In 1912, he was named acting-chief (under Karl Bitter) of the sculpture program for the Panama-Pacific Exposition, a World's Fair to open in San Francisco, California, in February 1915. He obtained a studio in NYC and there employed the services of model Audrey Munson who posed for him – Star Maiden (1913–1915) – and a host of other artists. For the exposition, Calder completed three massive sculpture groups, The Nations of the East and The Nations of the West, which crowned triumphal arches, and a fountain group, The Fountain of Energy. Following Bitter's sudden death in April 1915, Calder completed the Depew Memorial Fountain (1915–1919) in Indianapolis, Indiana.
Hermon Atkins MacNeil and Calder were commissioned to create larger-than-life-size sculptures for the Washington Square Arch in New York City. George Washington as Commander-in-Chief, Accompanied by Fame and Valor (1914–1916) was sculpted by MacNeil; and George Washington as President, Accompanied by Wisdom and Justice (1917–18) by Calder. These are sometimes referred to as Washington at War and Washington at Peace.[2]
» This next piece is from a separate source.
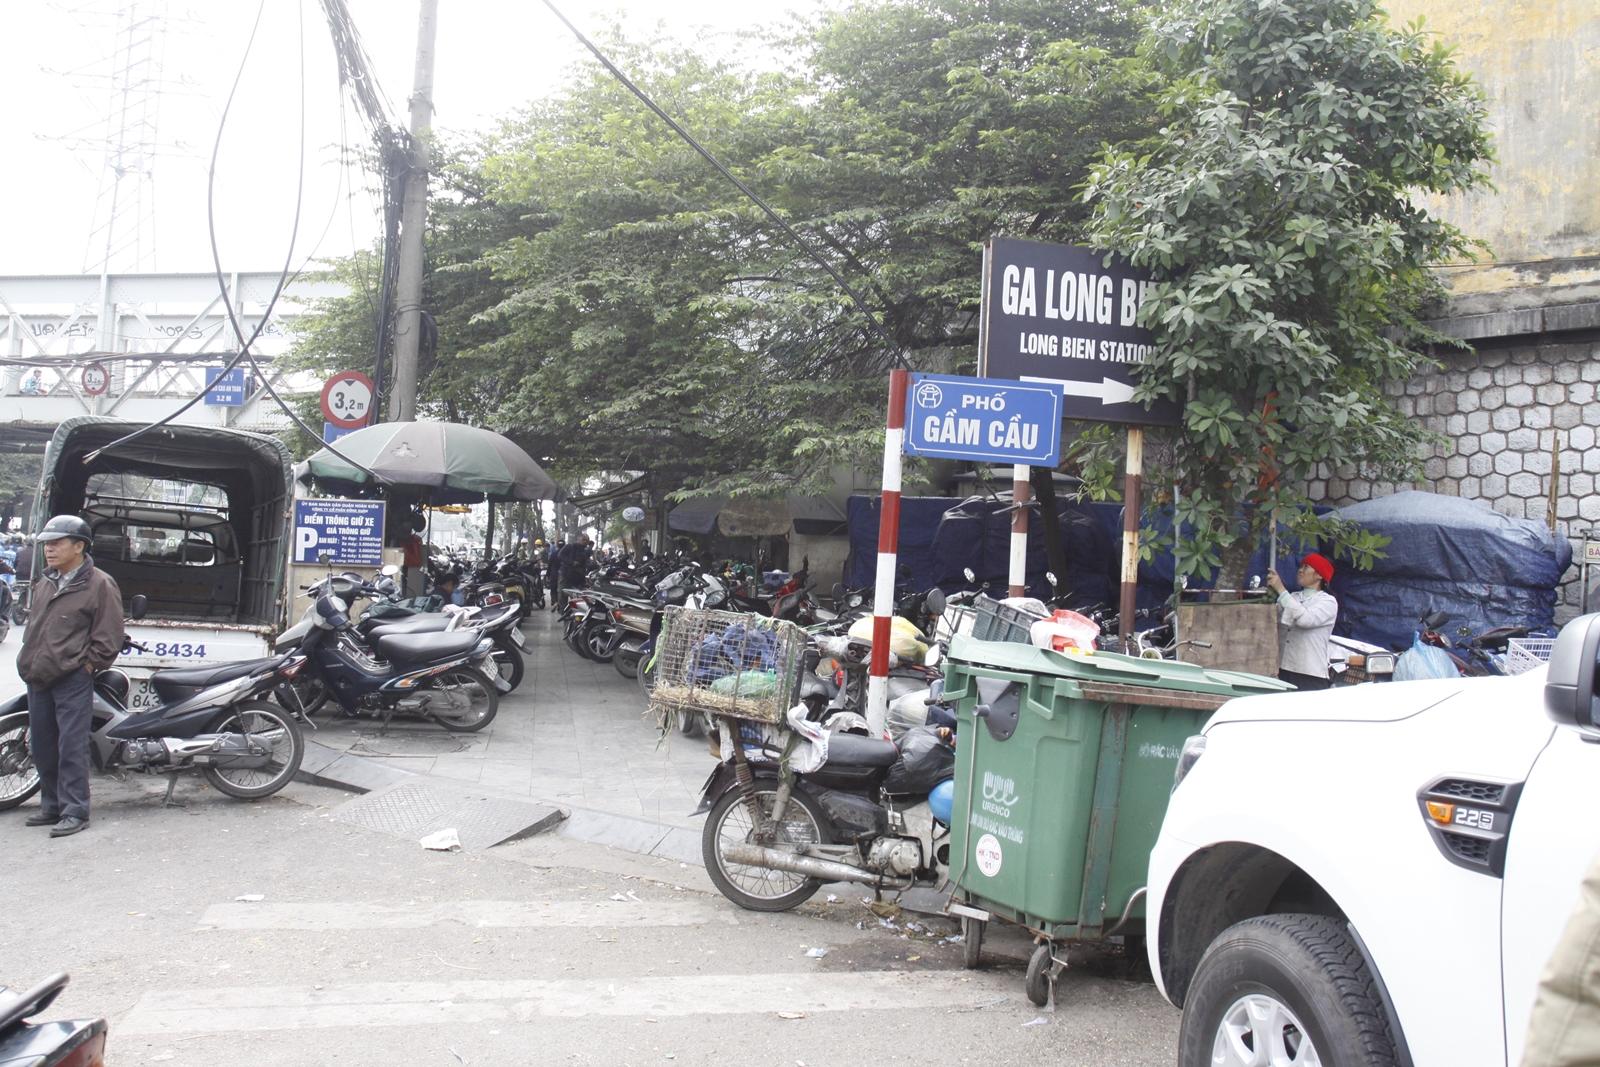 """Cận cảnh các bãi đỗ xe ở Hà Nội trước giờ """"G"""" tăng giá - Hình 1"""

He sculpted a number of ornamental works for "Vizcaya", the James Deering estate outside Miami, Florida. These included the famous Italian Barge (1917–1919), a stone folly in the shape of a boat, projecting into Biscayne Bay.
He was one of a dozen sculptors invited to compete in Oklahoma's Pioneer Woman statue competition in 1926–27,[3] which was won by Bryant Baker. In 1927, he was also commissioned by the Berkshire Museum to sculpt the woodwork and fountain of the Museum's Ellen Crane Memorial Room in Pittsfield, Massachusetts.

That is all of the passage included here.